Buckley v. Commissioner

Citation68 T.C.M. 754
Decision Date26 September 1994
Docket NumberDocket No. 24934-91.
PartiesCharlton H. Buckley and Susan S. Buckley v. Commissioner.
CourtUnited States Tax Court

CHIECHI, Judge:

Respondent determined the following deficiencies in, additions to, and increased interest on petitioners' Federal income tax:

                Increased
                                                                       Additions to Tax                    Interest
                                                      ----------------------------------------------       ---------
                                                       Section          Section       Section    Section    Section
                Year                   Deficiency   6653(a)(1)(A)1 6653(a)(1)(B)    6653(a)    6659(a)    6621(c)
                1987 ...............   $185,155        $9,258              *            --      $ 55,545       **
                1988 ...............    608,648          --                --        $30,432     182,594       **
                * 50 percent of the interest due on the portion of the underpayment attributable to negligence. Respondent determined
                that the entire underpayment was attributable to negligence
                ** Interest at 120 percent of the underpayment rate provided by sec. 6621 on the portion of the deficiency constituting
                a substantial underpayment attributable to tax-motivated transactions. Respondent determined that the entire
                underpayment was attributable to tax-motivated transactions
                

As an alternative to her determination with respect to the additions to tax imposed by section 6659(a), respondent determined that petitioners are liable for the addition to tax imposed by section 6661(a) for a substantial understatement of income tax for each of the years at issue.

The issues remaining for decision are:2

1. Are petitioners entitled to amortize the amounts allocated by Henry Broadcasting Company (Henry), an S corporation wholly owned by petitioner Charlton H. Buckley (Mr. Buckley), to radio broadcast formats (formats) that were among the assets of certain radio stations (stations) it acquired? We hold that they are to the extent stated herein.

2. Are petitioners entitled to amortize the amount allocated by Henry to a studio lease (studio lease) that was among the assets of certain stations it acquired? We hold that they are to the extent stated herein.

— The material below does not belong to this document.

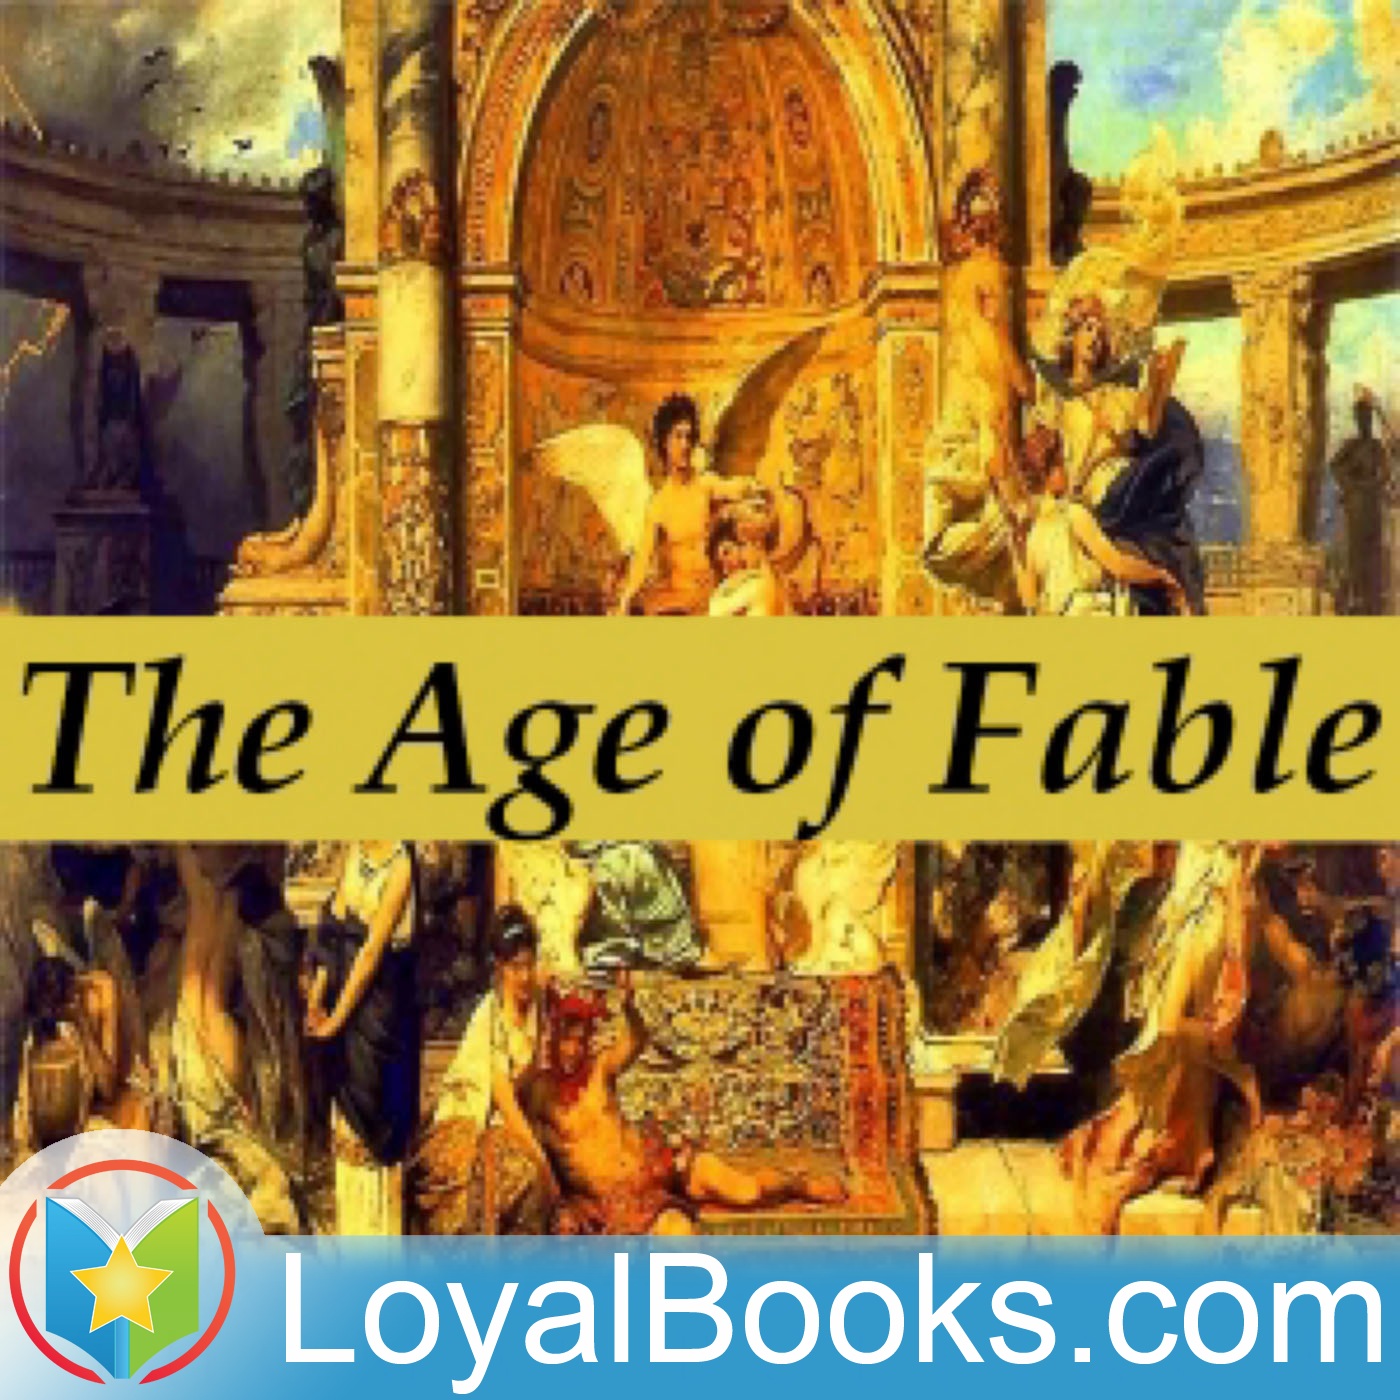 The Age of Fable: Chapter 16

3. Are petitioners entitled to amortize the amounts allocated by Henry to transmitter leases that were among the assets of certain stations it acquired? We hold that they are to the extent stated herein.

4. Are petitioners entitled to amortize the amounts allocated by Henry to two covenants not to compete that it entered into with the sellers of certain stations it acquired? We hold that they are to the extent stated herein.

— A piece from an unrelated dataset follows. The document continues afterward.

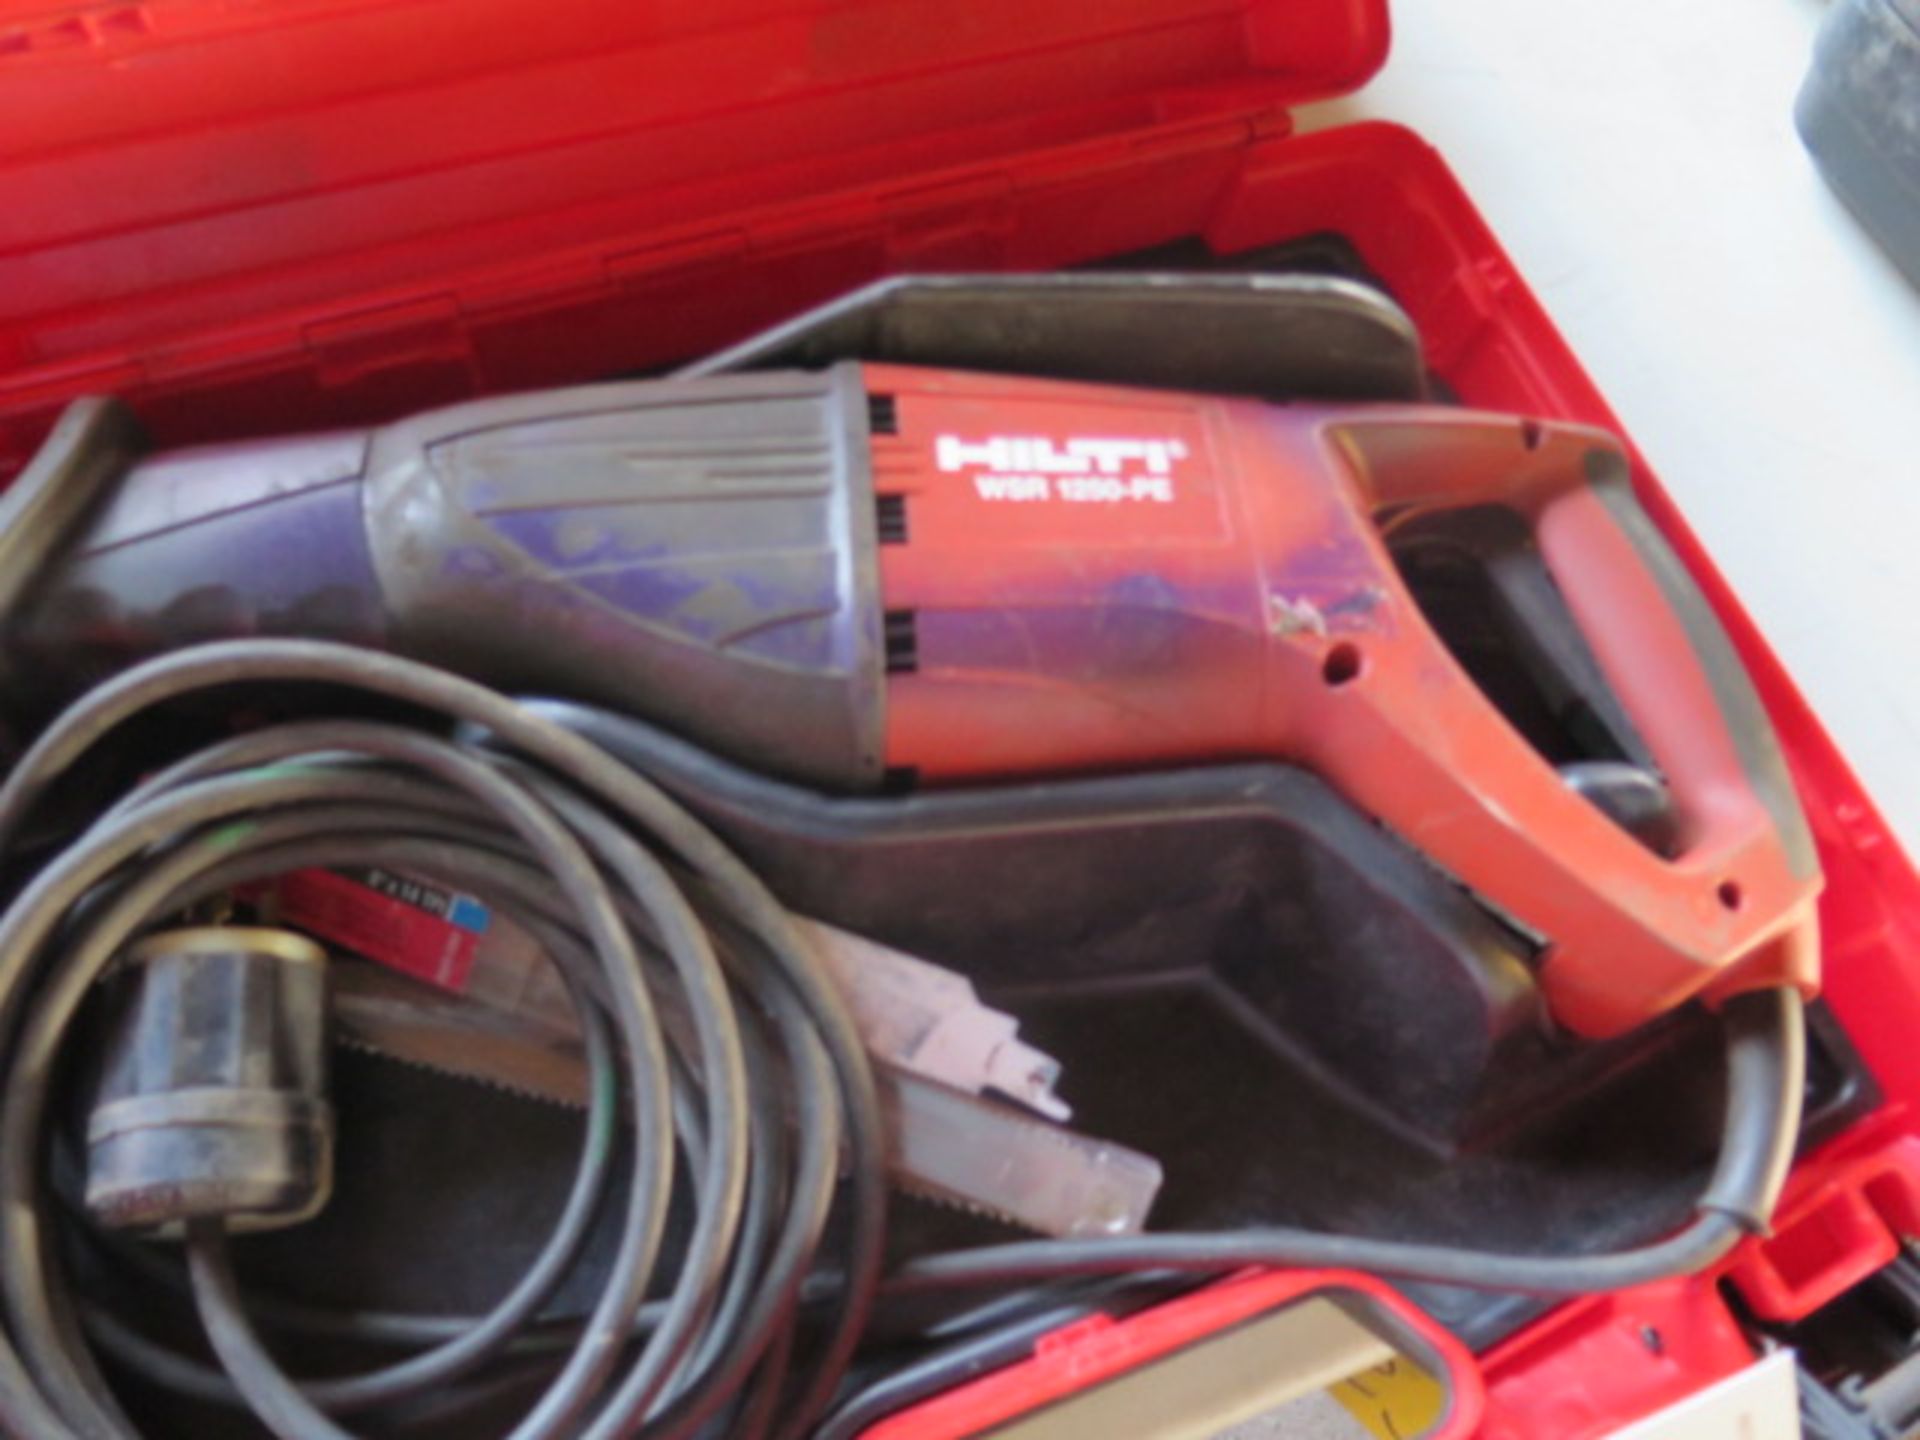 Hilti WSR 1250-PE Recipricating Saw (SOLD AS-IS - NO WARRANTY) - Image 4 of 5

5. Are petitioners liable for the additions to tax for negligence for each of the years at issue? We hold that they are to the extent stated herein.

6. Are petitioners liable for the addition to tax for a valuation overstatement for each of the years at issue? We hold that they are to the extent stated herein.

7. To the extent that respondent's determination with respect to the addition to tax for a valuation overstatement for each year at issue is not sustained, are petitioners liable for the addition to tax for a substantial understatement of income tax for each such year? We hold that they are not.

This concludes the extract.